Imagine there are 80 dodgeball players in the world. Each of them has played thousands of dodgeball games with the other 79 players in more-or-less random order. This is a world without teams (e.g., every player has a chance of being drafted in either team each game). I know the previous win rate of each player (e.g., one has won 46% of all previous games, another has won 56% of all his previous games). Lets say there is a match coming up and I know who is playing on each team. I also know their previous win rate.
What is the best way to calculate the probability of each team winning based on the composition of the team?
If it requires relatively advanced calculation (e.g., logistic regression) let me know some of the specifics. I am pretty familiar with SPSS, but I rather not need to ask a follow-up question.
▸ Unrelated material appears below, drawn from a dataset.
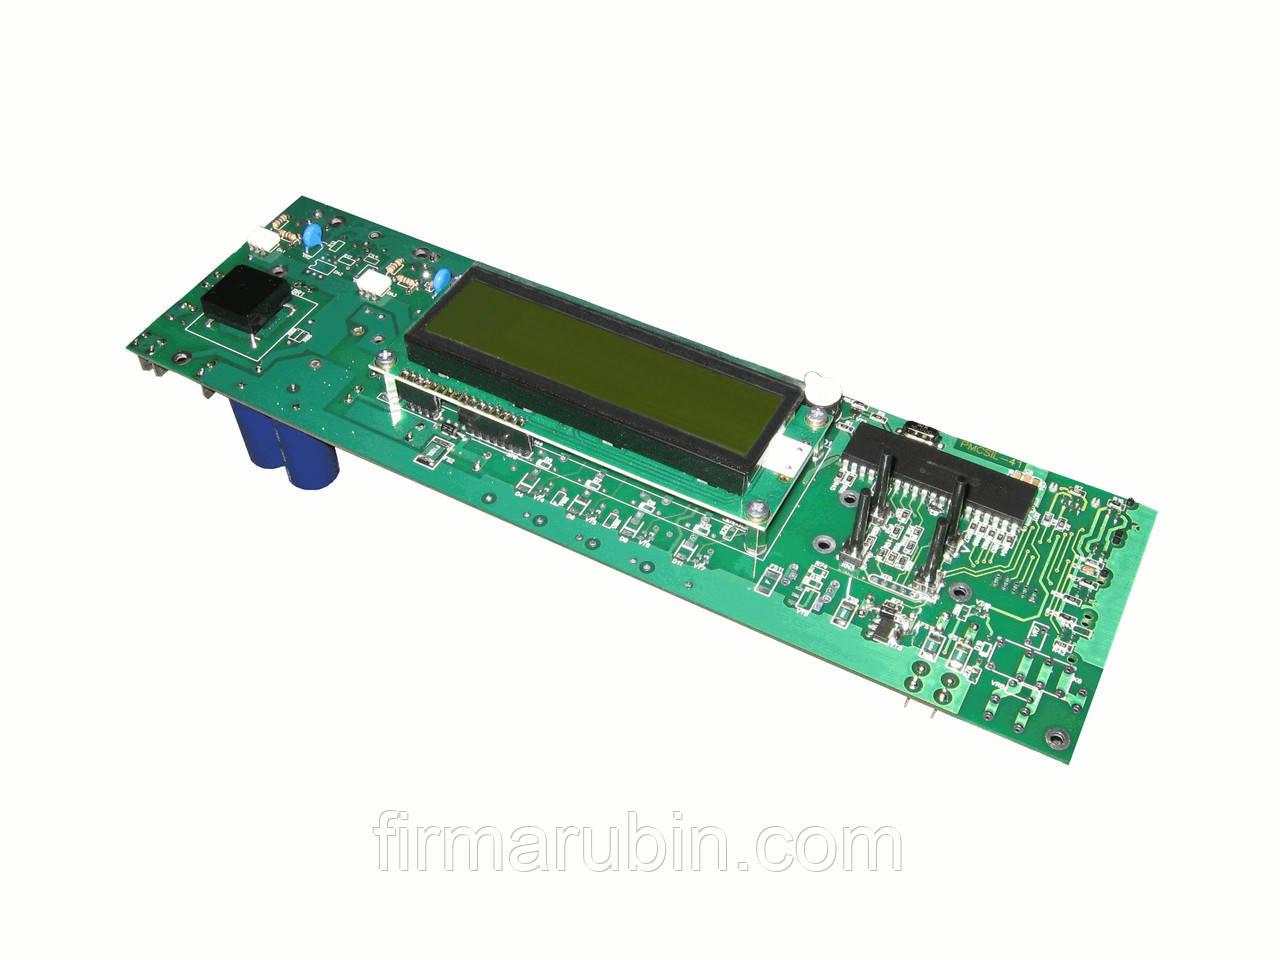 STRAUS-S13-200K — комплект контроллера инкубатора до 1200 яиц с датчиками

Moreover, how would I explore the accuracy of my method using archival data? I know it won't be clear cut since most players hover around 40-60%, but still.
To be specific, what are the odds that team A is going to win?
A - comprised of individuals with previous win rate of 52%, 54%, 56%, 58%, 60% B - comprised of individuals with previous win rate of 48%, 55%, 56%, 58%, 60%
(this is just a random example for illustrative purposes. Two pretty good teams.)
Edit: Is there a way to start with a very simple algorithm and then see how it works? Maybe we could simply sum the percentages of each team and predict that the one with the highest percentage is going to win. Of course our classification would not be accurate, but over thousands of archived games we could see if we can predict better than chance.